What to produce
The material below should be copied line for line, please, with pictures omitted.

Data extract
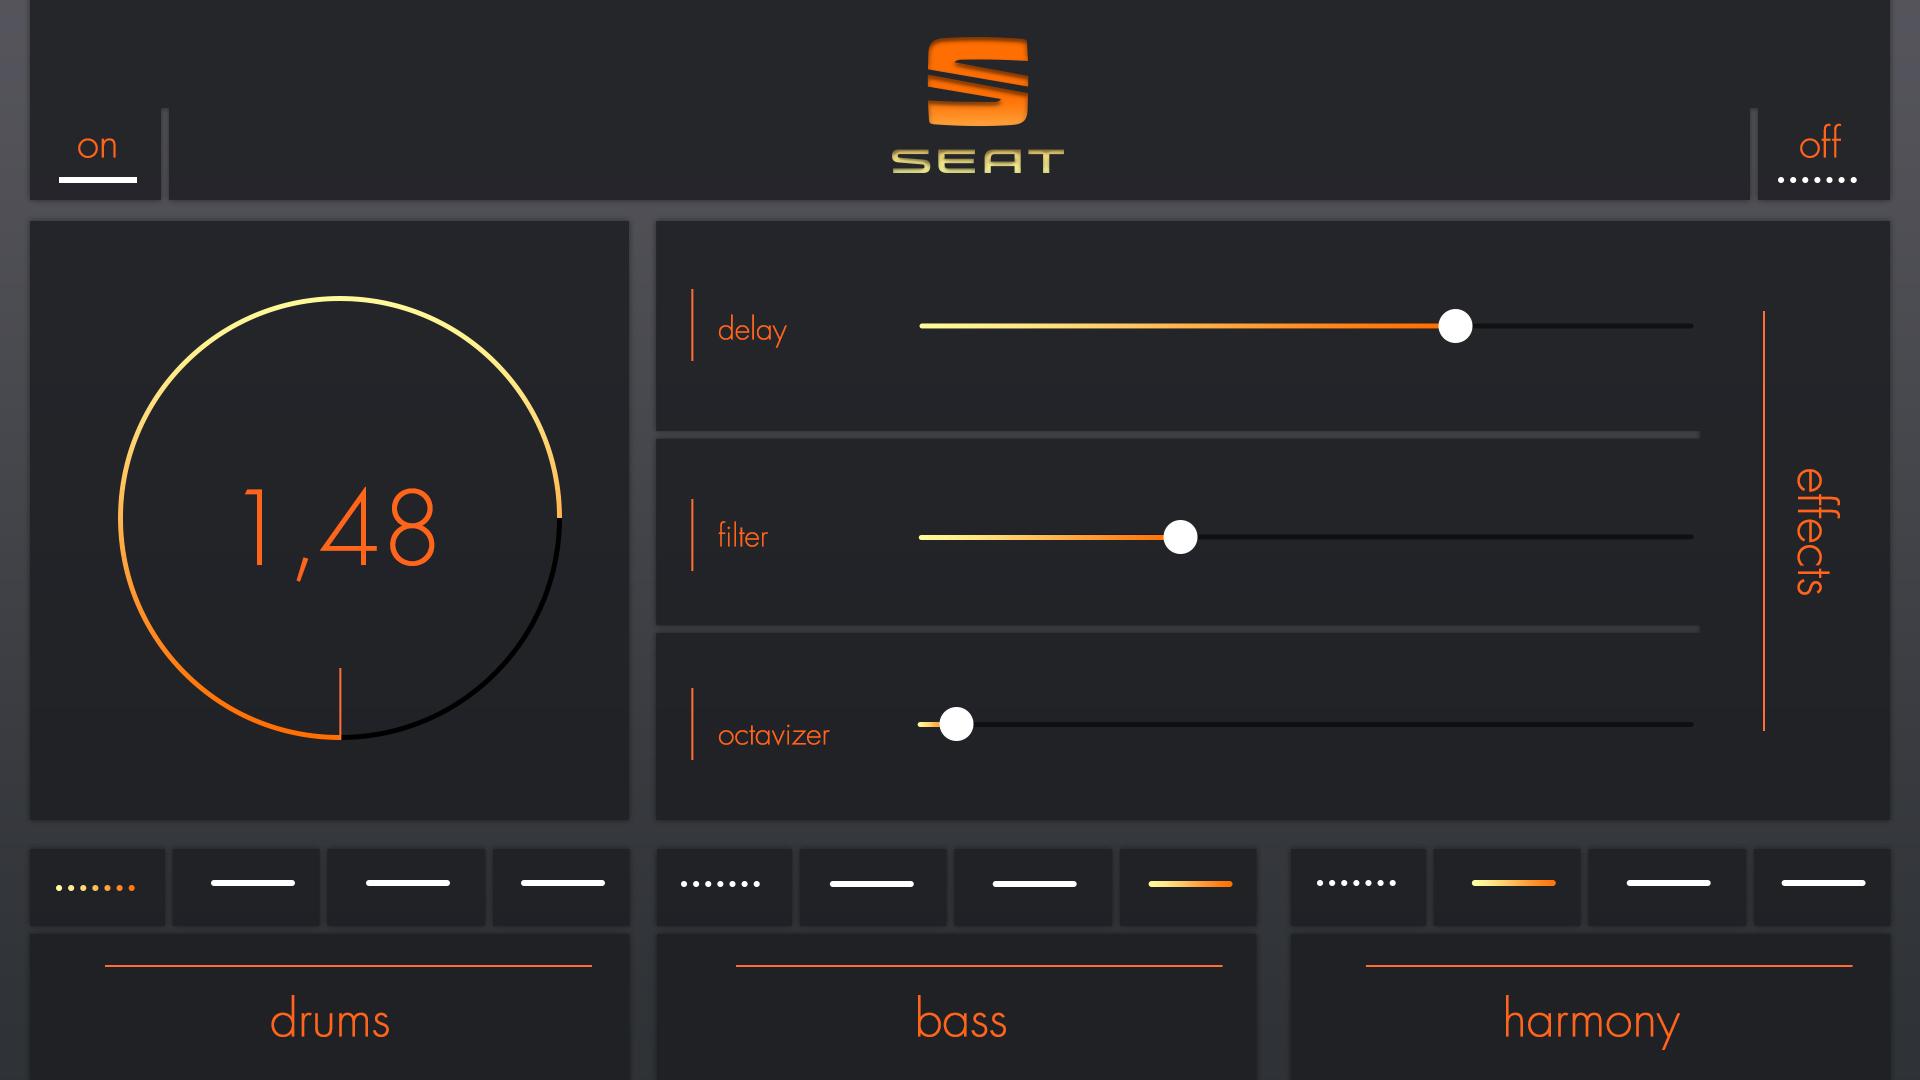 UIcontrol_SeatPrimavera_08
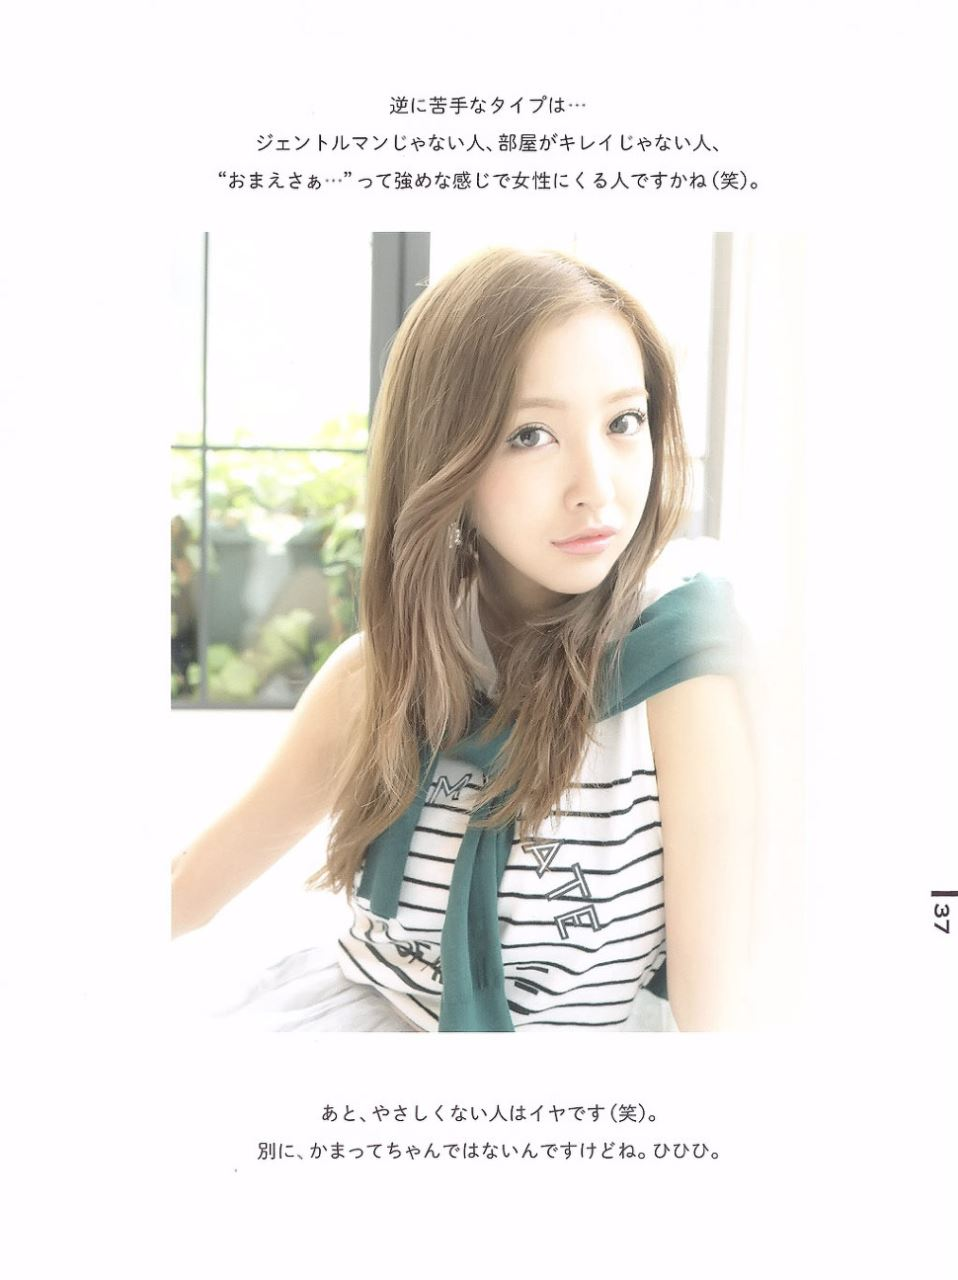 板野友美 すっぴん写真集「Luv U」画像 39
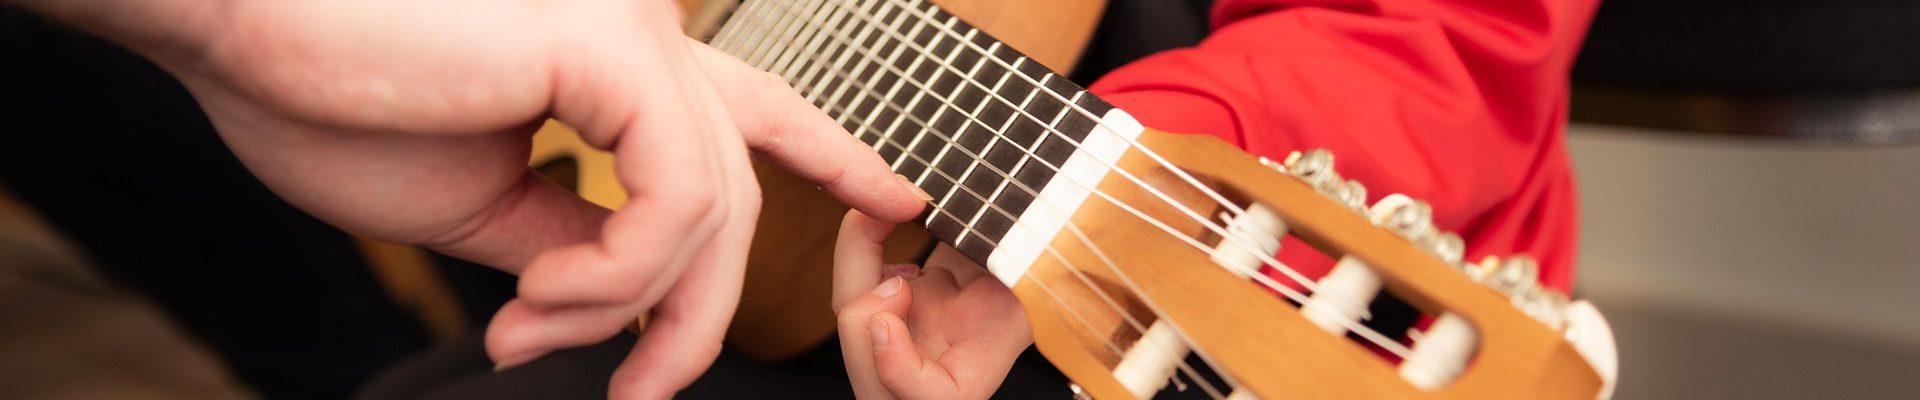 Actions pédagogiques Musique à la ferme

Solution to the exercise
 UIcontrol_SeatPrimavera_08
 板野友美 すっぴん写真集「Luv U」画像 39
 Actions pédagogiques Musique à la ferme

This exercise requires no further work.